Looking ahead, the demands on supportive care manufacturers are intensifying. Oncologists report that patient populations are living longer and undergoing more aggressive regimens, raising the bar for antiemetic protection. Our development teams are working to support the next wave of clinical trials testing new antiemetic combinations and novel delivery routes. As guidelines evolve, injectable supportive care agents may get paired with even more targeted therapies, and requirements for safety, compatibility, and traceability will only grow.
We have spent years collecting real-world data from pharmacy staff about mixability, stability, and logistical challenges, funneling this back into our R&D process. Calls for a ready-to-use IV bag, for example, guided feasibility studies now underway. International partnerships with clinical centers keep us grounded in the realities faced by both small oncology teams and major hospital chains, and feedback from these users shapes every modification, no matter how small. With the move towards digital supply chain management and serialization of vials, we anticipate traceability will soon be as important as any pharmacological data point.

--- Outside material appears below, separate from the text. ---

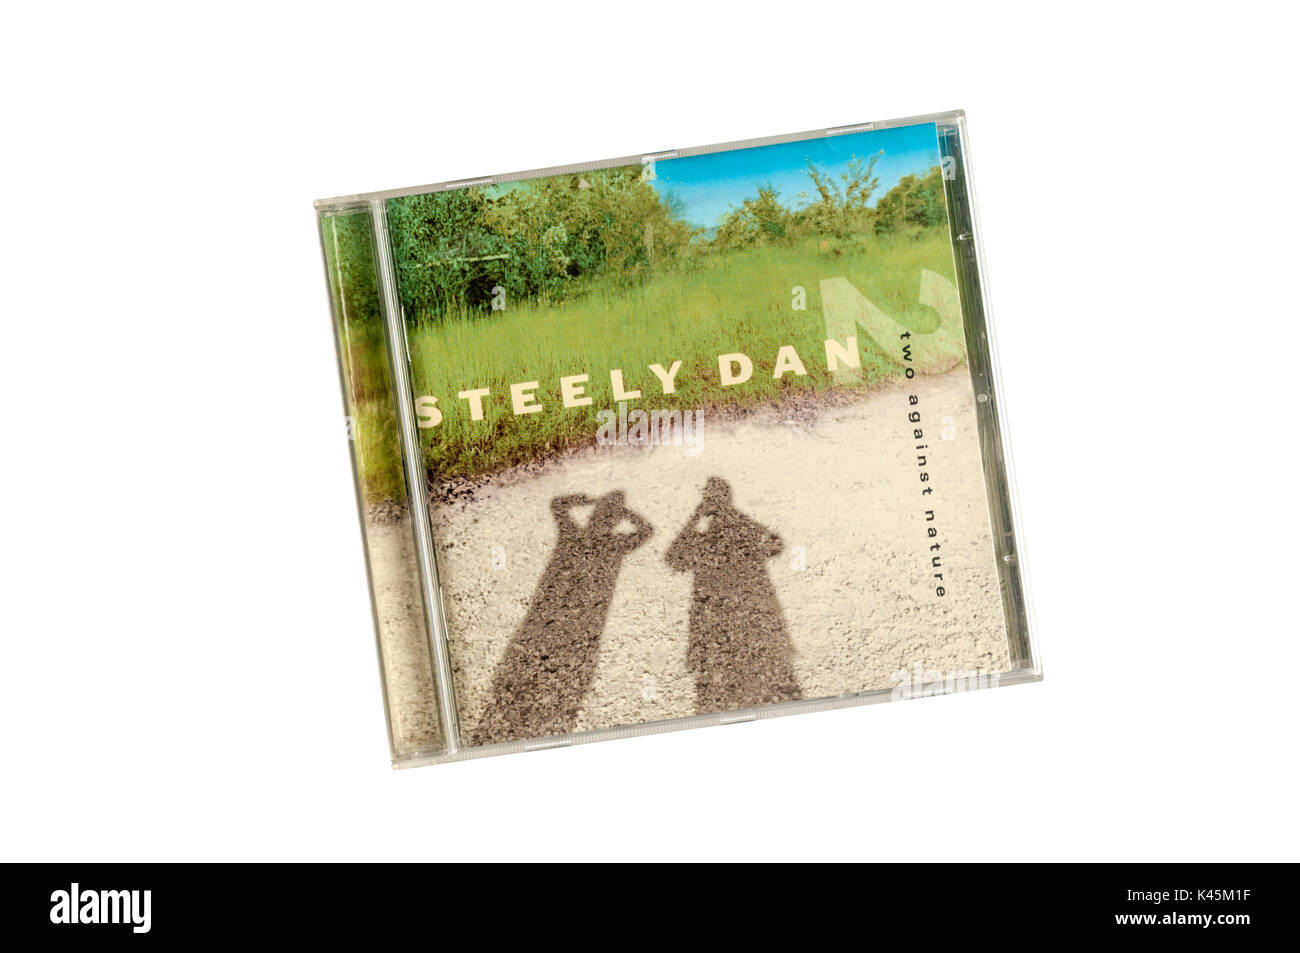 Steely dan album hi-res stock photography and images - Alamy

Patients and providers lean on injectable supportive care agents to keep chemotherapy plans on track. As manufacturers, we see our mission as more than a technical task: it requires ongoing vigilance, direct engagement with healthcare teams, and a willingness to adapt quickly when patient needs or evidence-based guidelines shift. Fosaprepitant Dimeglumine stands as a testament to what’s possible through sustained investment in process quality, open channels with end-users, and an enduring commitment to responsible production. Like others in this space, we know that an antiemetic agent’s true value comes through not just in certificates but in the quiet, cumulative stories of patients able to eat, rest, and withstand the journey of treatment. Every vial we put out is part of that chain. We carry the lessons learned from each batch back to the start—always searching for ways to improve what matters to patients, pharmacists, and providers.